Марина резко распахнула глаза и уставилась в потолок. Если до этого смерть Сергея казалось ей какой-то нереальной, то теперь, когда его тело привезли в столицу, когда оно так рядом с ней, ей стало больно и страшно от осознания суровой реальности. Боже, как страшно даже в мыслях произносить это: «Его тело». Он, который еще два месяца назад ласкал ее и целовал, такой теплый и родной, стал теперь не ее Сергеем, а просто телом в гробу. Его больше нет.
Всю ночь Марина проплакала тихонько, зажимая в зубах краешек подушки, чтобы не закричать во весь голос от боли, терзающей ее душу, и не переполошить никого из домашних. Она бы отдала все сейчас, приняла б любую кару, только бы он остался жить, только бы не забрал его Господь! Пусть не с ней, пусть с другой! Но только пусть живет, дышит…
Рано утром, пока домашние только-только просыпались ото сна, а слуги уже вовсю работали в кухне и по дому, Марина поднялась в девичью с одеждой и обувью в руках.
— Прибери меня, — приказала она Дуньке, мирно спавшей до ее прихода. Та наскоро накинув на штопаную сорочку платок, принялась приводить барышню в порядок. Заметив платье из темно-зеленого бархата (это было единственное, что мало-мальски напоминало траур в гардеробе Марины), Дуняша подняла брови.
— Барышне не будет жарко? Нынче солнце так и палит!
Тяжелый взгляд Марины заставил ее замолчать. Так и продолжали в полной тишине. Лишь когда застегивала с трудом крючки на лифе платья, Дуняша позволила вырваться восклицанию: «Ох, ты Господи, барышня! Грудь-то еле влезла!». Та лишь еле кивнула и ответила задумчиво:
— Скоро будем платья расставлять, — заставив при этом Дуньку удивленно расширить глаза. Вот тебе и Юрьев день! Вот тебе и причина скорой свадьбы, о которой вчера гудела вся кухня.
Наконец Дуня прибрала последние пряди под шляпку и опустила густую черную вуаль на лицо барышни. Она не стала задавать лишних вопросов — куда направлялась барышня так рано явно в траурном наряде да почему тайно, запретив даже Агнешку будить. Не ее это дело — думать над барскими капризами. Себе же дороже станет!
Марина же тем временем, покинув дом через черный ход, пересчитала деньги, что были у нее в ридикюле.
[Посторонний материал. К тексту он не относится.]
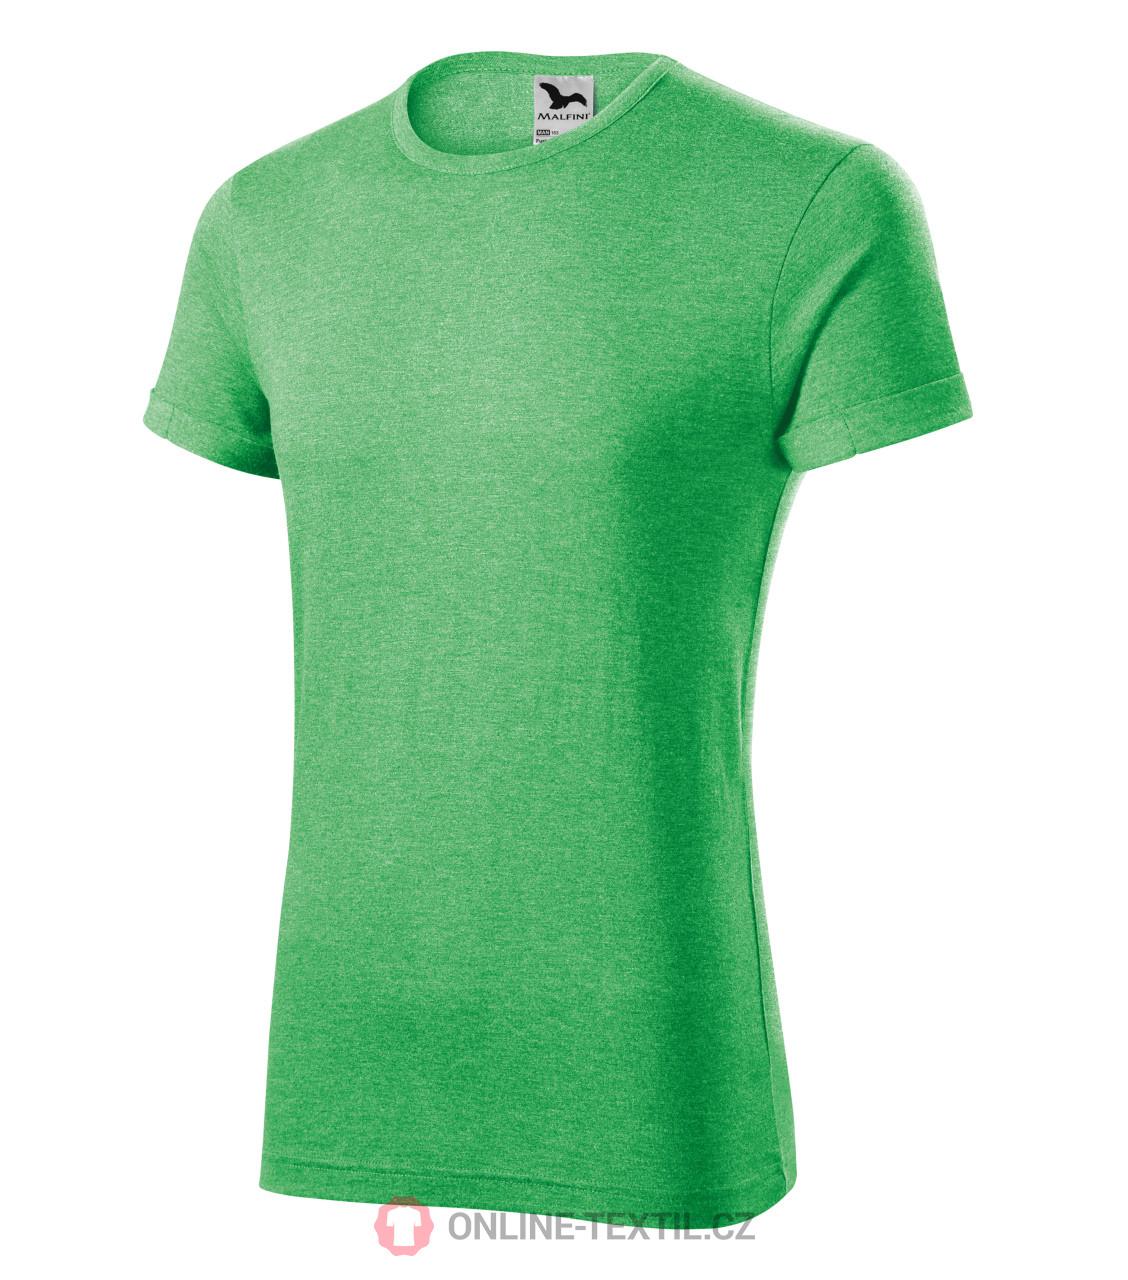 78e9a67f1 ADLER CZECH Melírované pánske tričko Fusion 163 - zelený melír z ...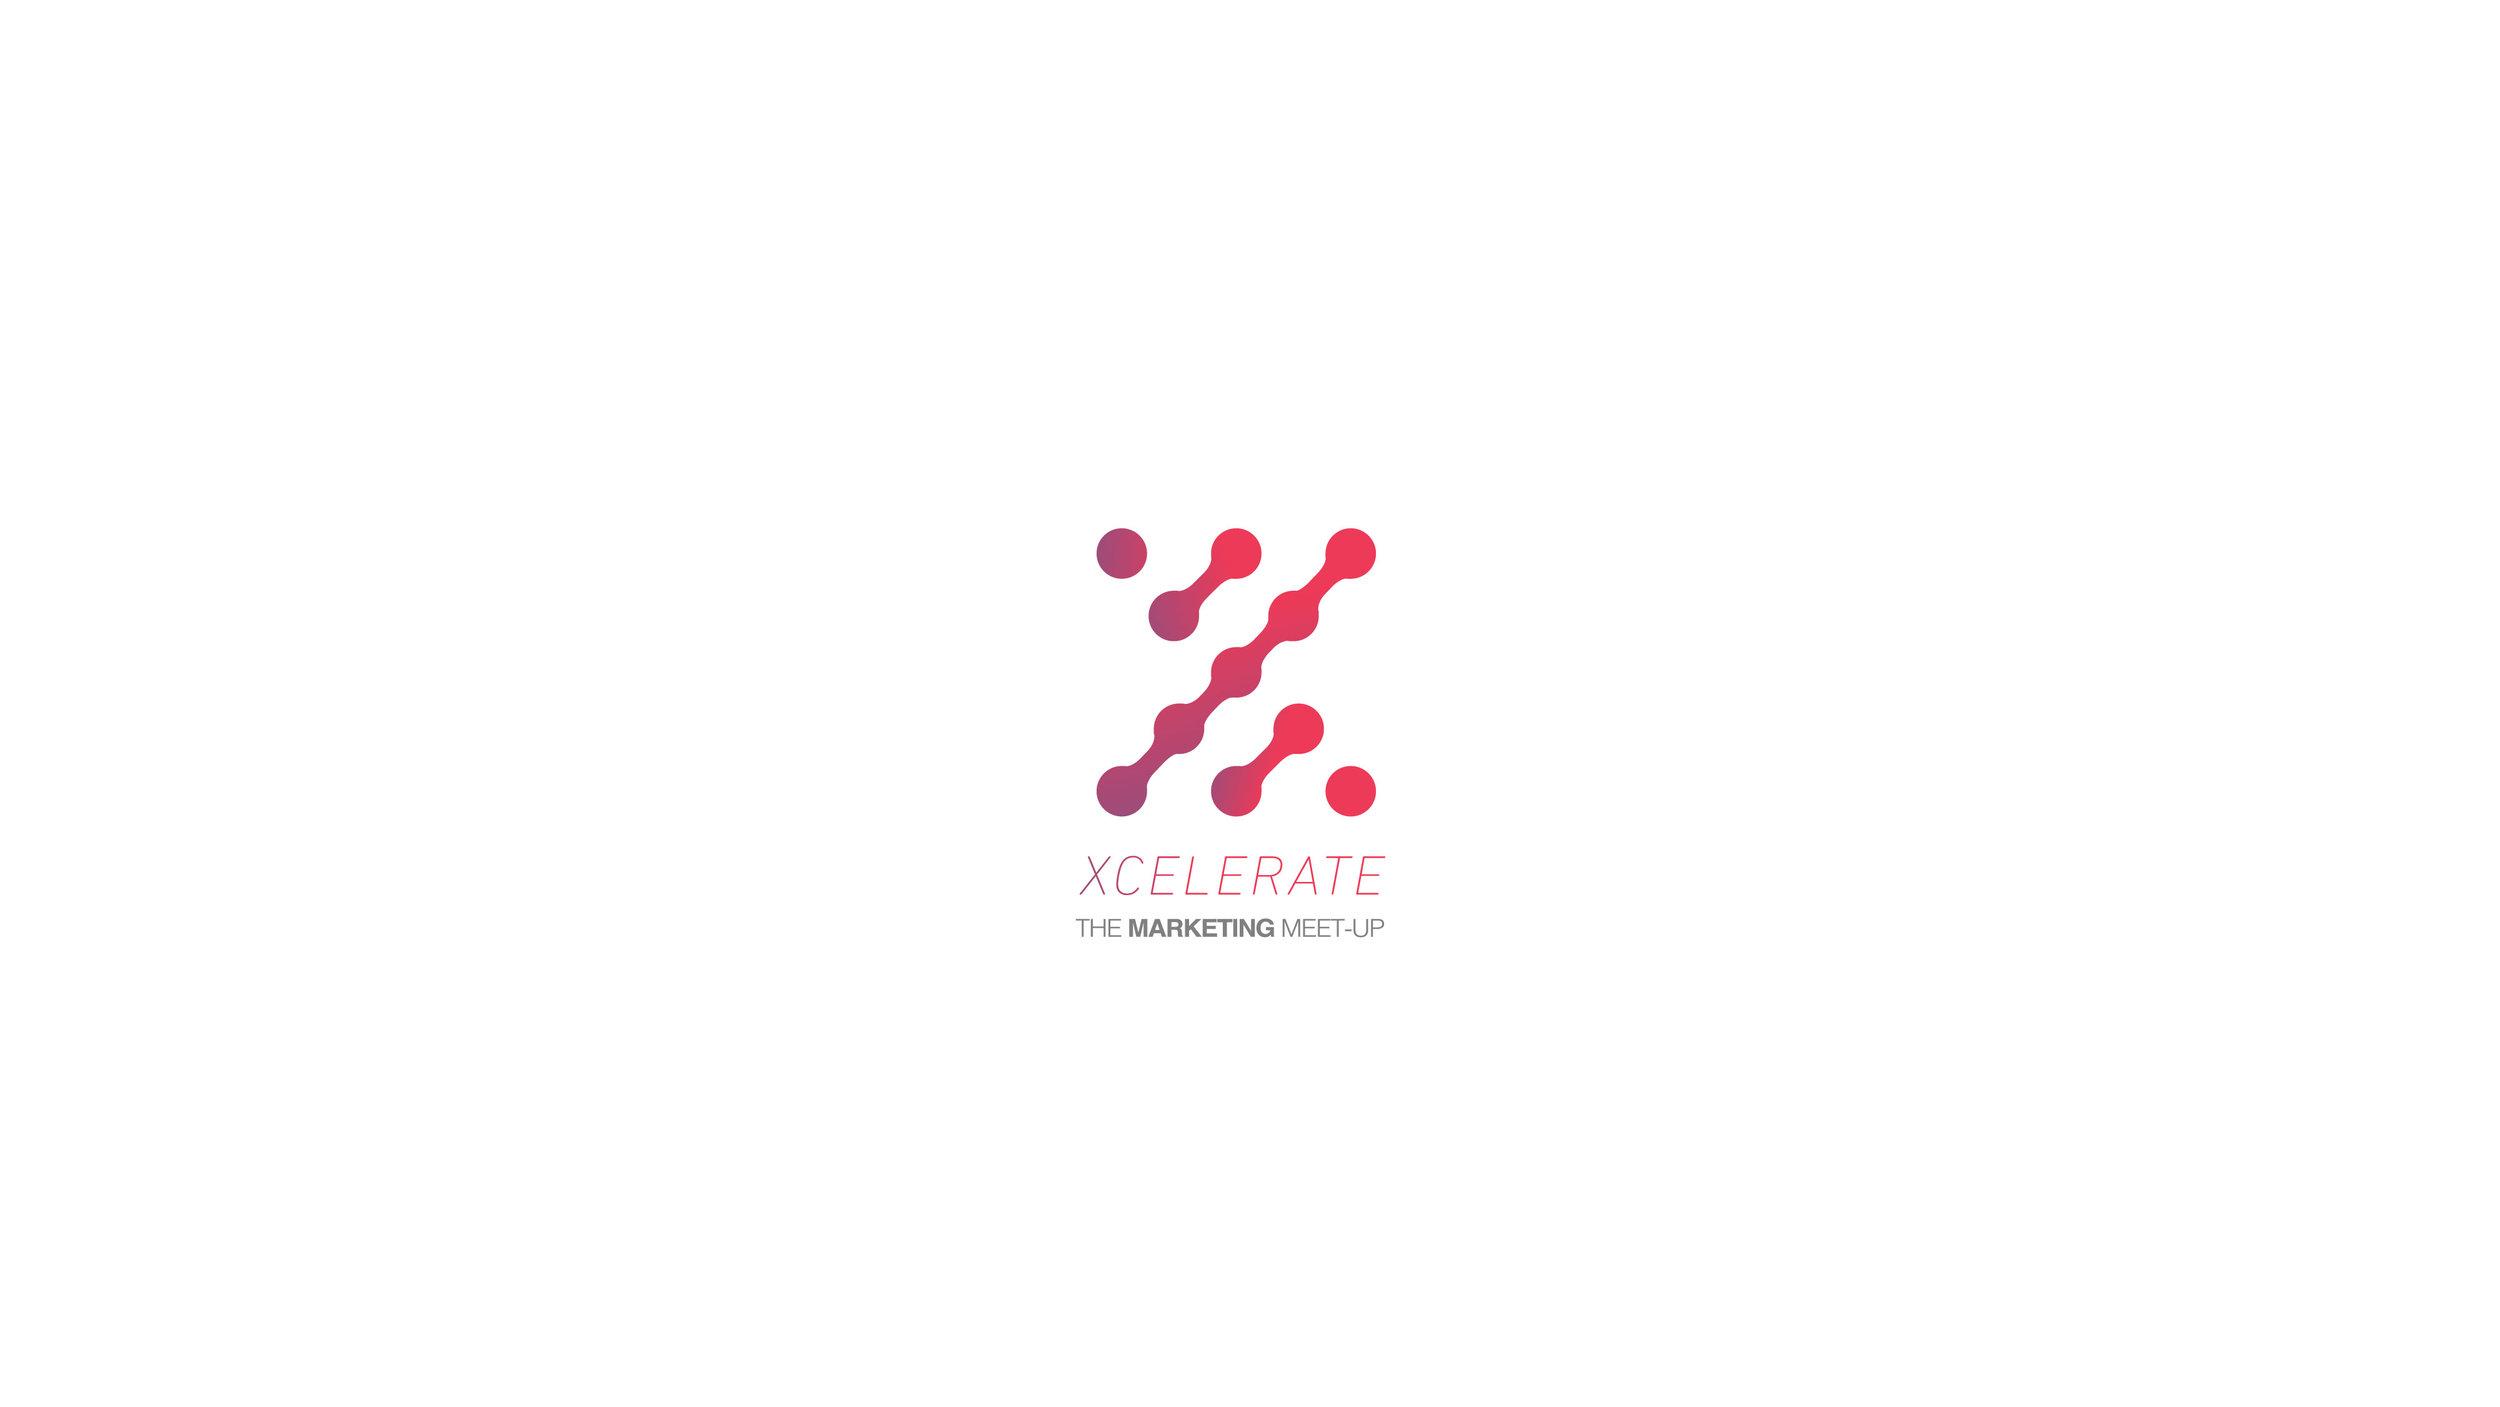 Xcelerate_V3-12.jpg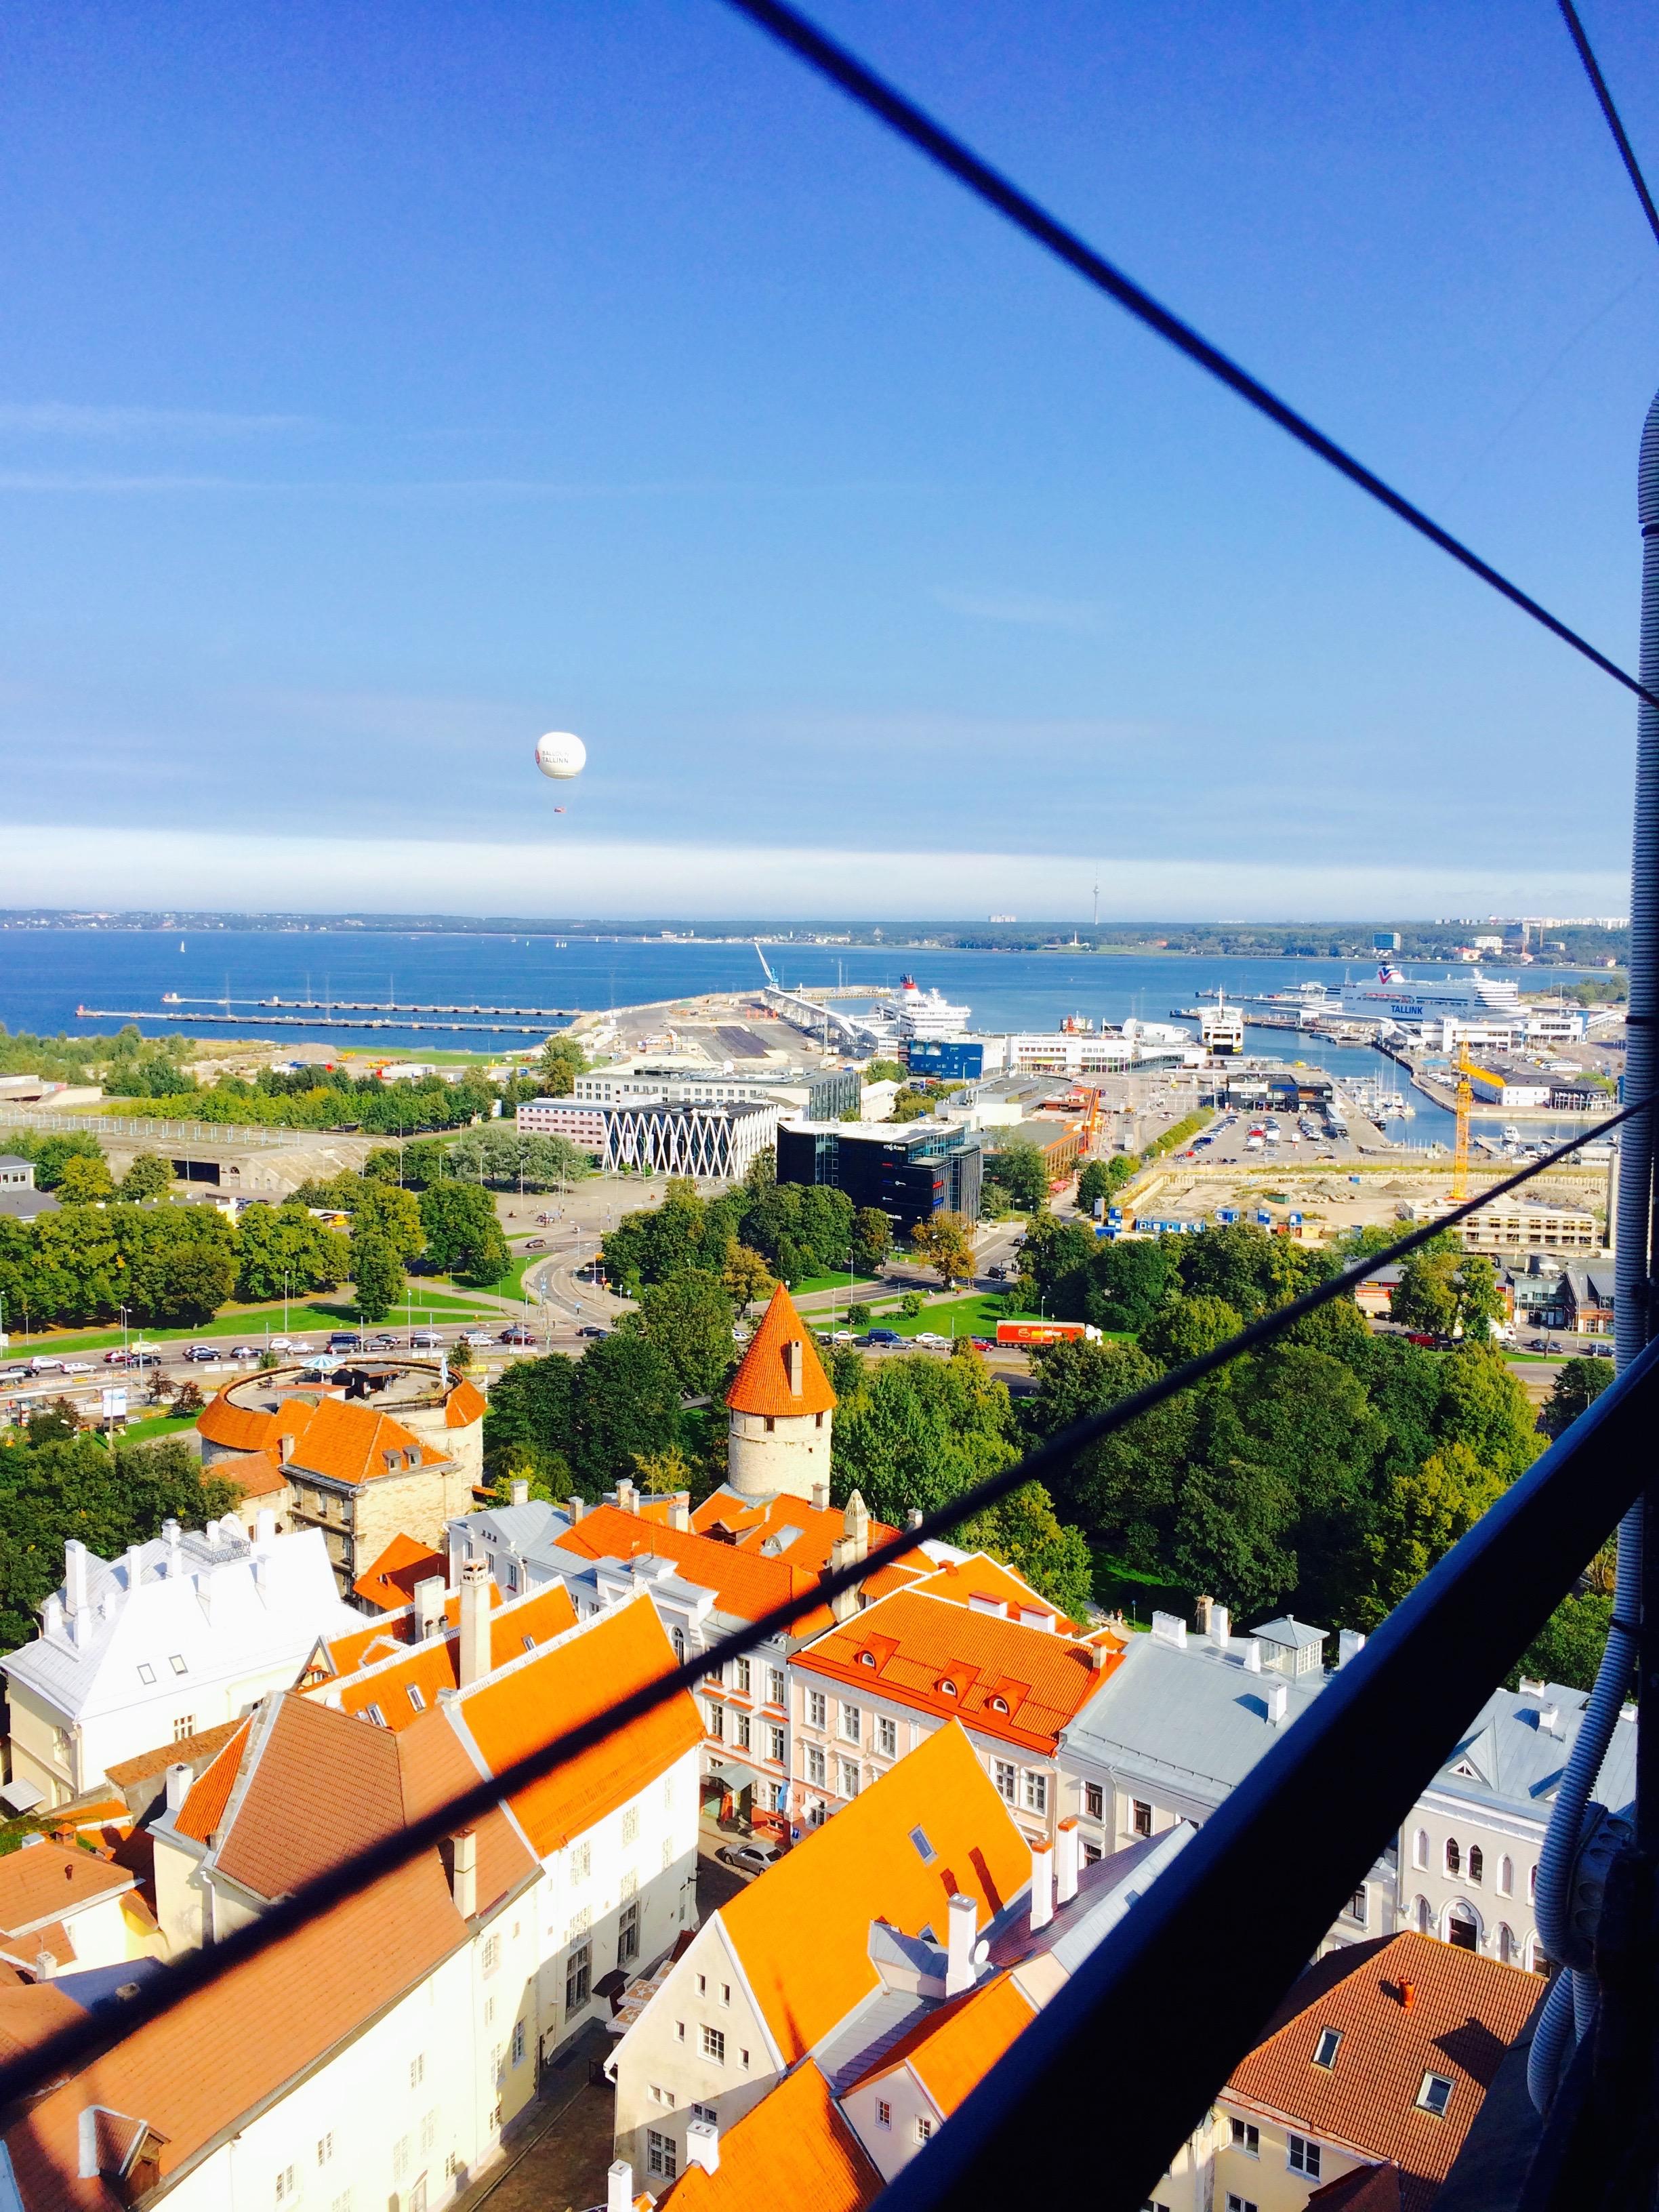 View from St. Olaf's Church in Tallinn, Estonia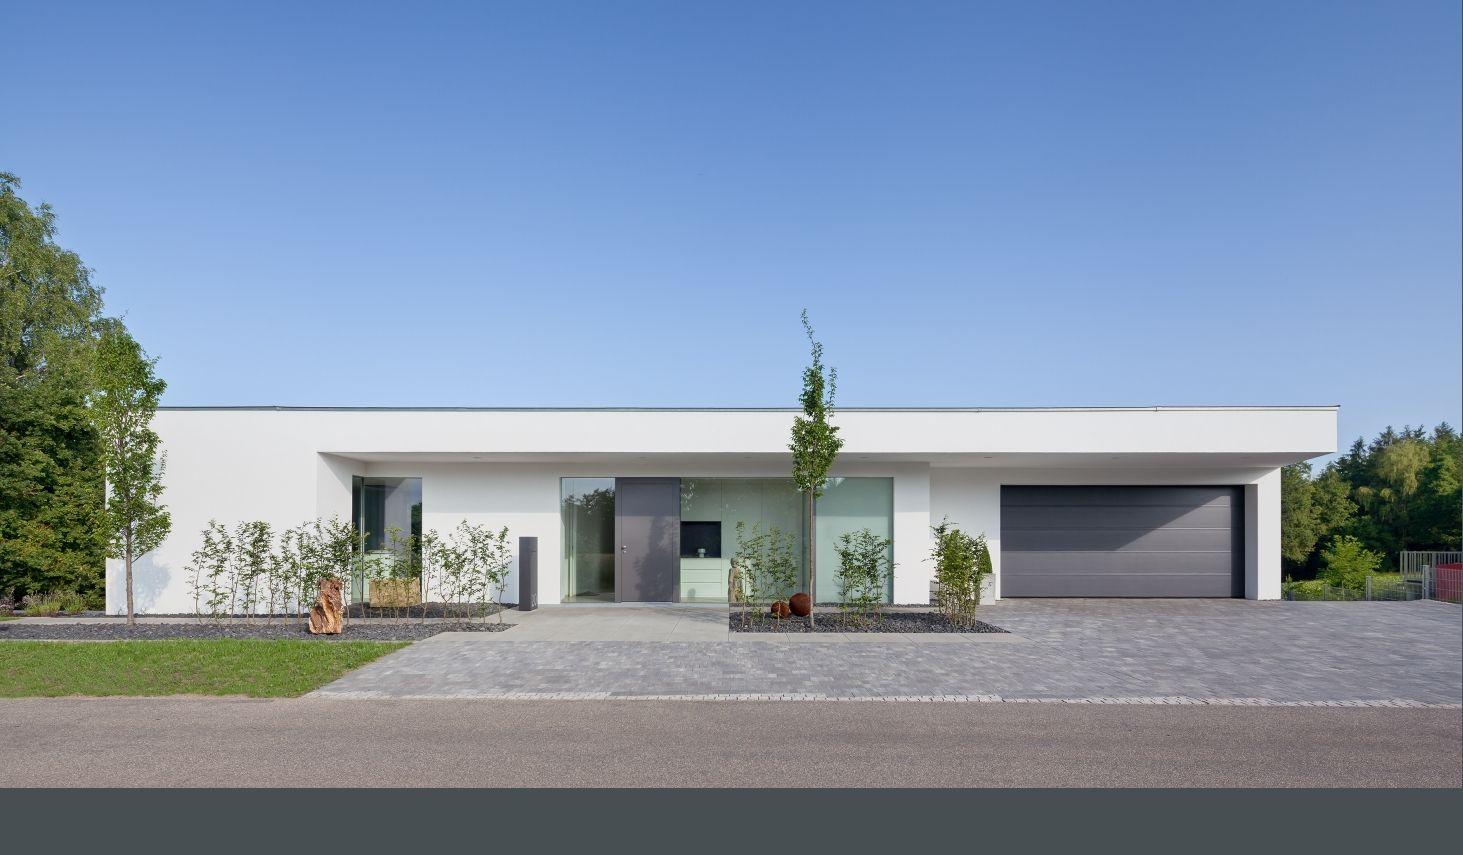 Neubau wh g berg 2013 haus pinterest abs bungalow for Architekten bungalow modern

Мало, очень мало! На извозчика явно не хватит. Это раздосадовало ее донельзя — до храма, где было намечено отпевание, было довольно прилично идти пешком. Да Марина редко куда выходила сама, без провожатых, и ей было боязно — не заблудится ли она, не пристанут ли к ней худые люди? Но она вспомнила о цели своего путешествия и, расправив плечи, смело шагнула на тротуар. В конце концов, бояться нечего. Дорогу можно узнать, забирать у нее нечего («Даже честь уже потеряна», подметила она, грустно усмехаясь), а наряд вдовицы должен был защитить от нахалов, коих на улице хоть и было мало в этот ранний час, но хватало.
Марина сжала в руках ридикюль и смело выдвинулась в дорогу, делая частые остановки, чтобы передохнуть. Пройдя квартал, что составляло половину ее пути, она почувствовала, как постепенно слабеют колени — сказывалась недавняя болезнь. Да и Дуняша была права — в такой солнечный день совершать пешие прогулки в бархатном платье просто безумие. Ей было ужасно жарко, спина вся была мокрая от пота.
Но нет, она должна дойти. Должна! Марина прислонилась к стене дома и перевела дыхание.
— Дурно тебе, что ли, барышня? — окликнули ее сзади. Она медленно обернулась и увидела извозчика на подержанной «гитаре», которая стояла прямо рядом с ней. — Куда путь-то держишь, родимая? Далече? А то давай подвезу.